She gets up. “Well, enjoy your emotional ride then.”
Benja grabs her hand. “No, don’t leave.”
“I don’t feel like being dissected.”
“I’m sorry. Occupational hazard. Please stay.”
The pleading look in his eyes mollifies her. She sits back down. They return to staring across the street.
“Do you remember anything about growing up at the CDL?” he asks without taking his eyes off the man.
She shakes her head. “No. Do you?”
“Sometimes I see a face and get a feeling that I’ve met the person before. Sometimes I develop a strong like or dislike of someone I don’t have a history with. I don’t know if I met them in a past cycle or at the CDL,” he says. “I know that’s not much of an answer.”
“It’s more than what I’ve heard from other people, which is nothing.”
Her childhood at the CDL is a mystery. She does not even know where it is. No one does, except for those who currently live in it. Even though everyone went through it, nobody speaks of their time there. How can you talk of events you do not have a memory of?
No one knows, and no one will ever know. The Center is self-contained and private. Outsiders do not visit it. The Matres do not leave it. The children, like the ones Aris guided through the museum, are occasionally sent on a special train into the cities for field trips. But most of their time is spent in the cocoon of the CDL. It is an incubator of sorts. Before the children become adults. Before Tabula Rasa touches them.

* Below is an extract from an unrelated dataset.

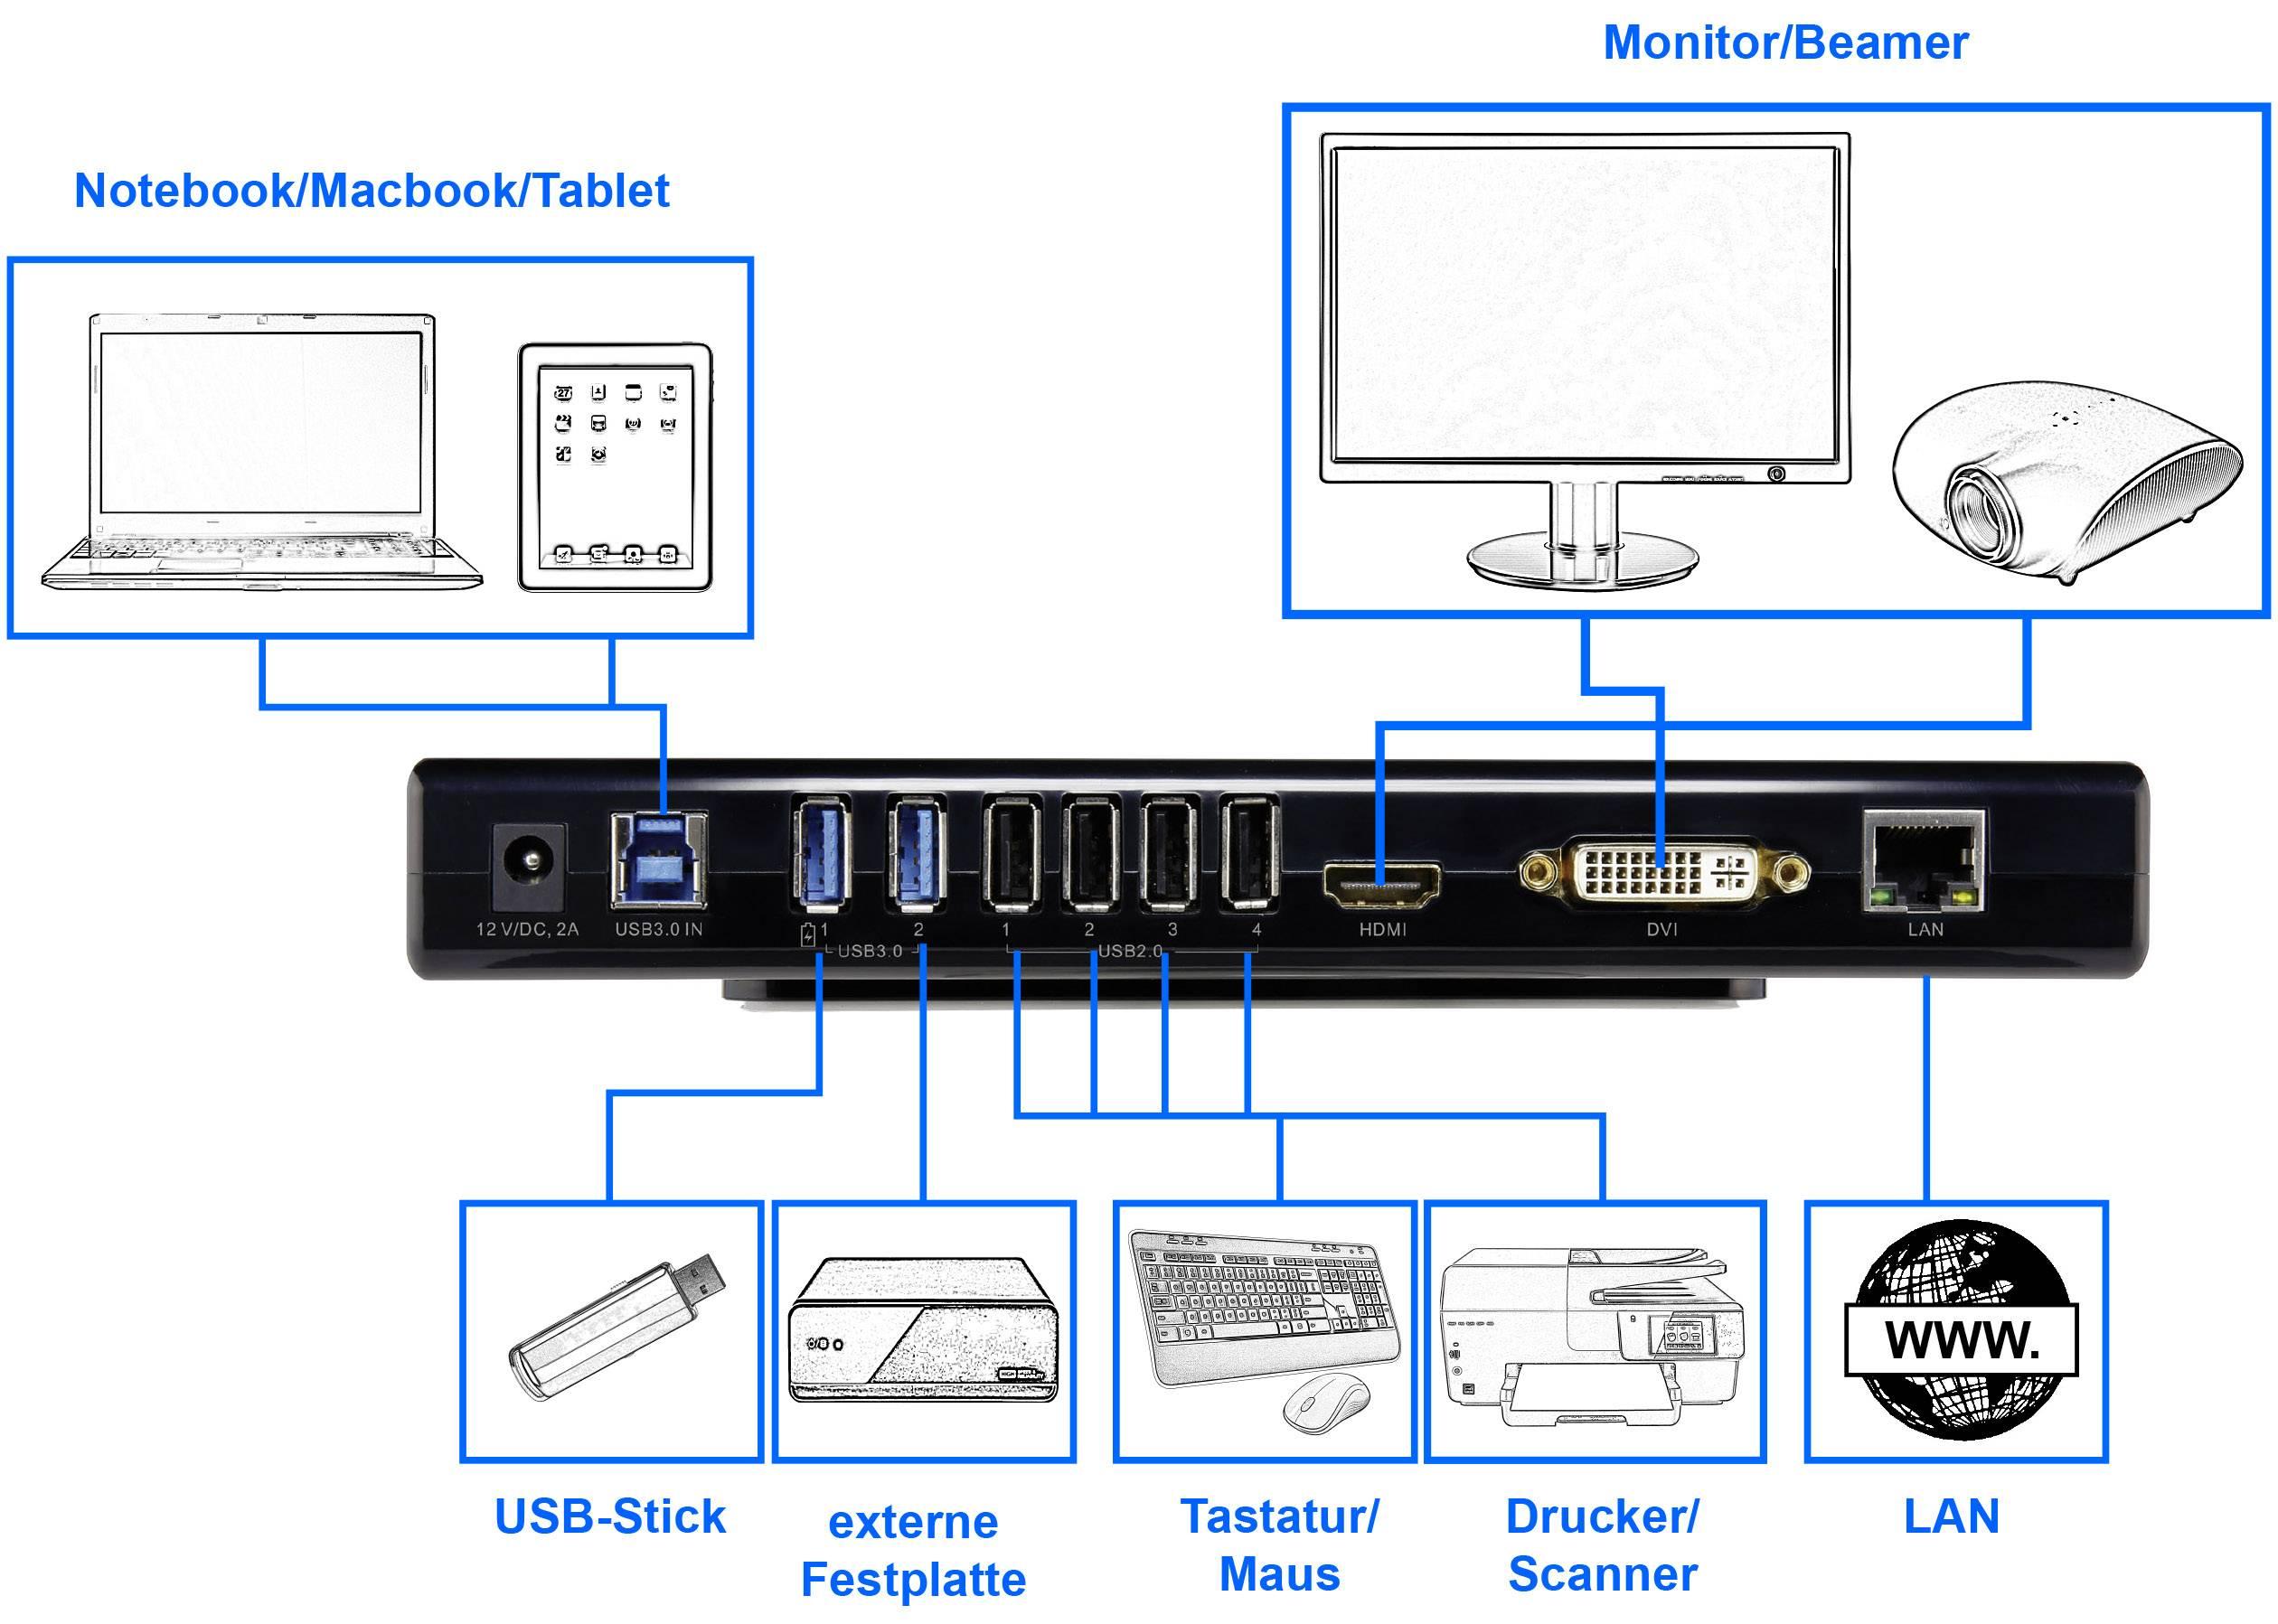 hight resolution of renkforcelaptop docking stationuniversal 2x usb 3 0 4x usb 2 0 1x hdmi headphones 1x dvi 1x lan 10 100 1000 mbps
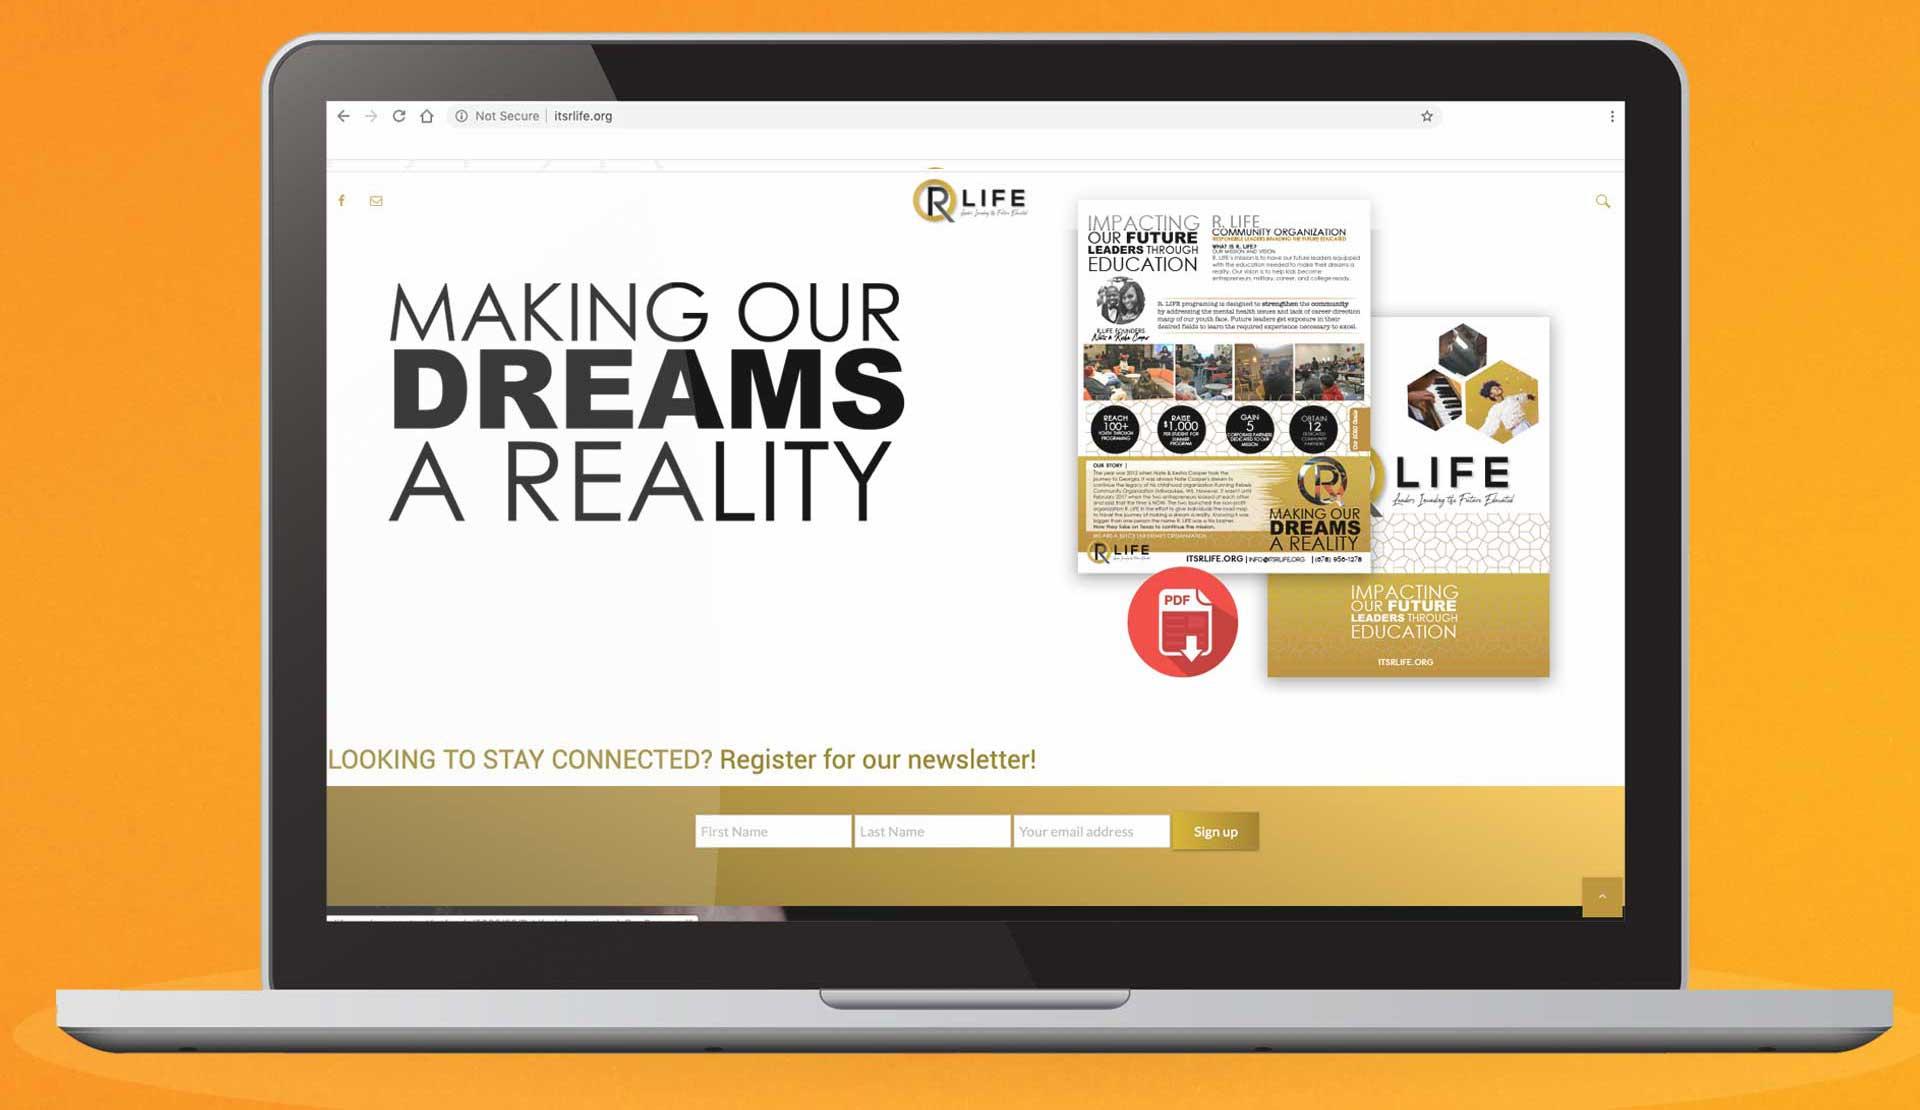 R LIFE Community Organization Non Profit Website Design

“You, I immediately liked,” Benja says, taking her hands.
“Really? I feel the same.”
“I don’t know why, but I feel so comfortable with you.” He squeezes her hands.
She squeezes back. “Me too.”
His grip becomes tighter. “Shhh! He got up.”
Aris looks across the street. The man exits the door of the coffee shop and turns right.
“Where are you going?” Benja murmurs.
“Probably home,” she says.
“Let’s follow him.”
“I don’t want to be a stalker.”
“You’re not. I am. You’re just my . . . moral support,” he says.
“Then I’m obliged to tell you, just in case you don’t already know, that this is by no means a moral situation,” she says.
“Come on.” He pulls her hand and leads her out the door.
They race across the busy street, dodging surprised pedestrians as they pass. Aris feels air stirring her hair. Exhilaration courses through her. She is a party to something forbidden.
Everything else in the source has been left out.